U.S. District Chief Judge Marcia Krieger issued her ruling after a two-week civil trial in Denver. The measures signed into law by Governor John Hickenlooper in 2013 included banning ammunition magazines with more than 15 rounds.

The bills were introduced in response to a shooting spree in 2012 that killed 12 people at a suburban Denver movie theater and the slaying the same year of 20 children and six adults at an elementary School in Newtown, Connecticut.

They immediately met resistance from critics, including most of the state's elected sheriffs, who said they severely restricted citizens' constitutional right to own and bear arms.
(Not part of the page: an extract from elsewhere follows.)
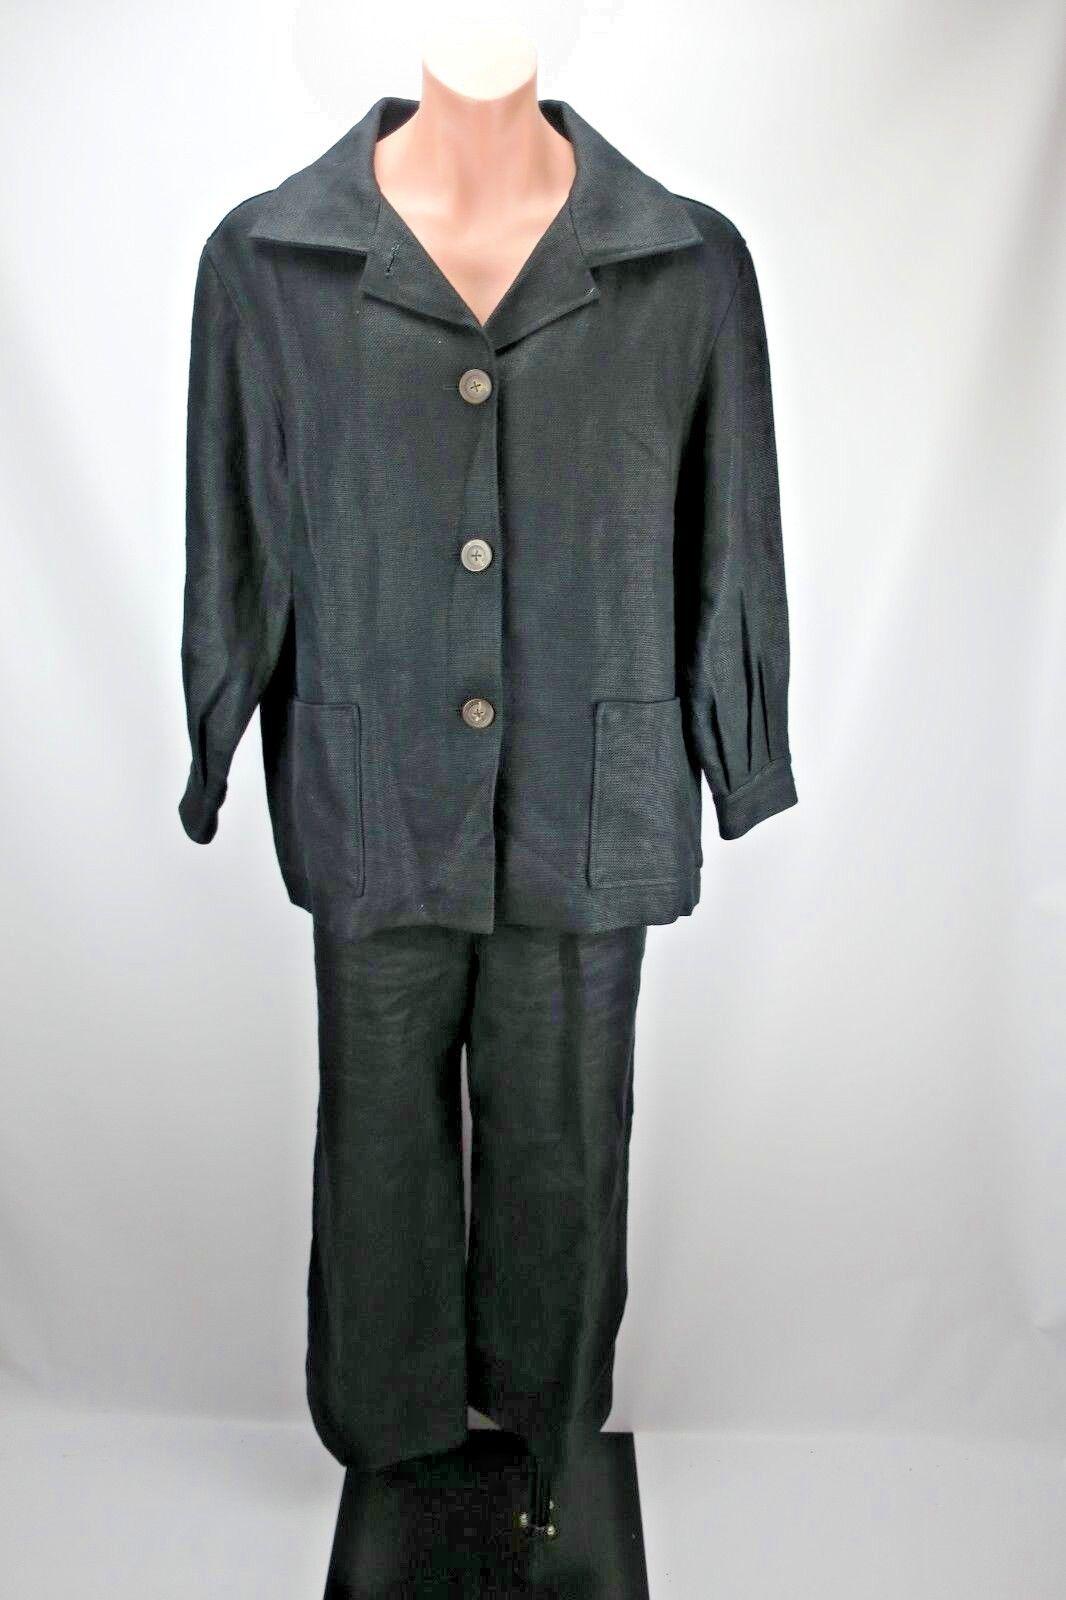 Oscar De La Renta Women's 100% Linen Suit 2pc Bergdorf Goodman Made  Sz 16
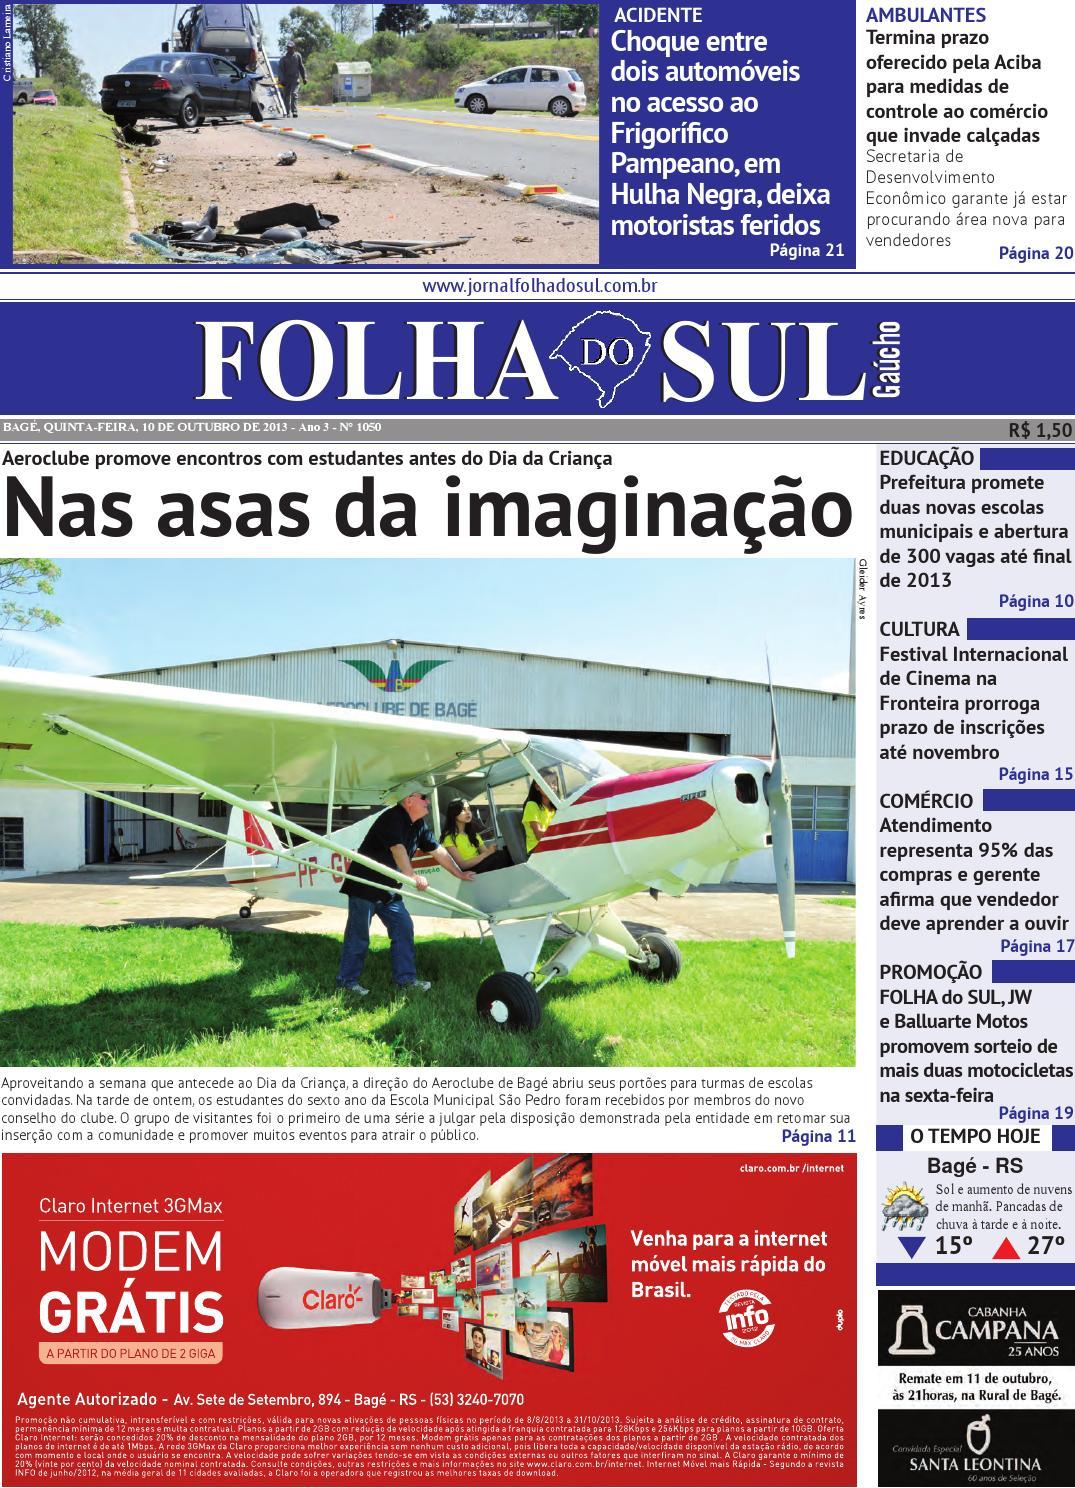 3b4a3d14a4f58 Folha do Sul Gaúcho Ed. 1050 (10 10 2013) by Folha do Sul Gaúcho - issuu

The measures, passed by Colorado's Democratic-controlled legislature with scant Republican support, also required background checks for all private gun sales and transfers. The sheriffs said they had insufficient resources to police them.

Colorado's Republican Attorney General John Suthers said in a statement his office never claimed the laws were "good, wise or sound policy," but that it had fulfilled its responsibility to defend the constitutionality of the state law in question.